- Escutcheon of the Beecham Baronets of Ewanville
- Creation date: 1914
- Status: dormant
- Motto: Nil sine labore, Nothing without labour

= Beecham baronets =

Baronetcy in the Baronetage of the United Kingdom

The Beecham Baronetcy, of Ewanville in the Parish of Huyton in the County Palatine of Lancaster, is a title in the Baronetage of the United Kingdom. It was created on 17 July 1914 for the Lancashire pill manufacturer Joseph Beecham.

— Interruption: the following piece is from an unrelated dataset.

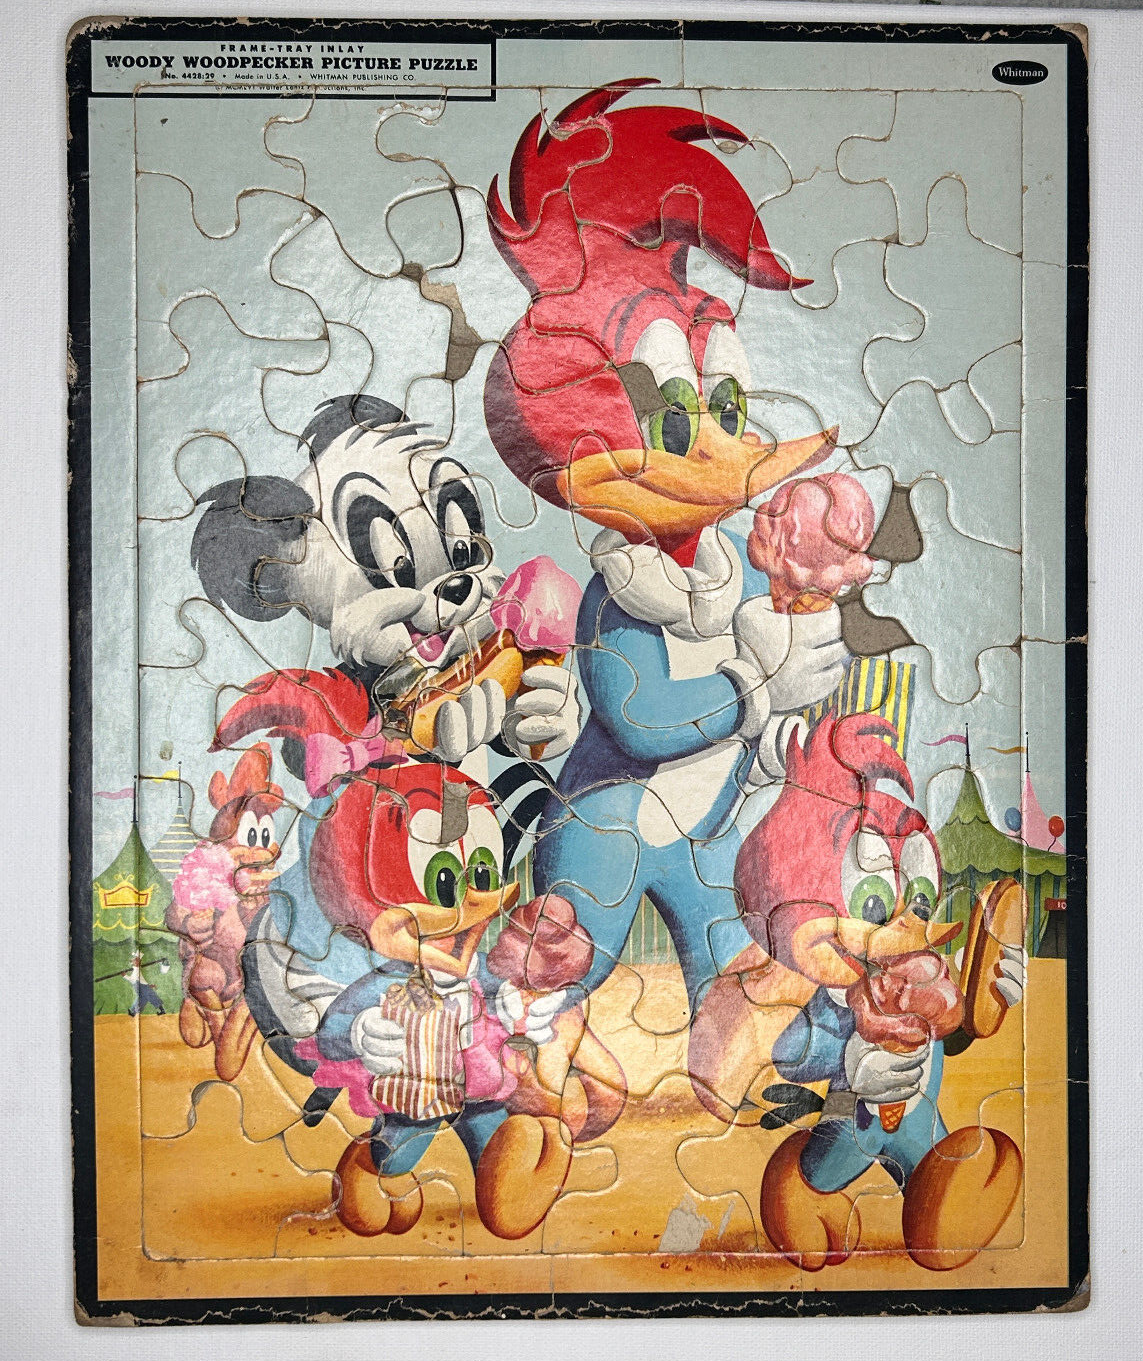 Vintage 1956 Whitman Woody The Woodpecker Damaged Tray Picture Puzzle 4428:29 - $4.95

Joseph was succeeded by his eldest son, Thomas, a conductor who founded the London Philharmonic Orchestra in 1932.

The 4th and 5th Baronets were absent from the Official Roll and, As of 2023, the title is considered dormant.

==Beecham baronets, of Ewanville (1914)==
- Sir Joseph Beecham, 1st Baronet (1848–1916)
- Sir Thomas Beecham, 2nd Baronet (1879–1961)
- Sir Adrian Welles Beecham, 3rd Baronet (1904–1982)
- John Stratford Roland Beecham, presumed 4th Baronet (1940–2011), succeeded his father, the 3rd Baronet, but never appeared on the Official Roll as the 4th Baronet
- Robert Adrian Beecham (born 1942), succeeded his brother, the 4th Baronet, but has not appeared on the Official Roll as the 5th Baronet

The heir apparent is the present holder's son, Michael John Beecham (born 1972).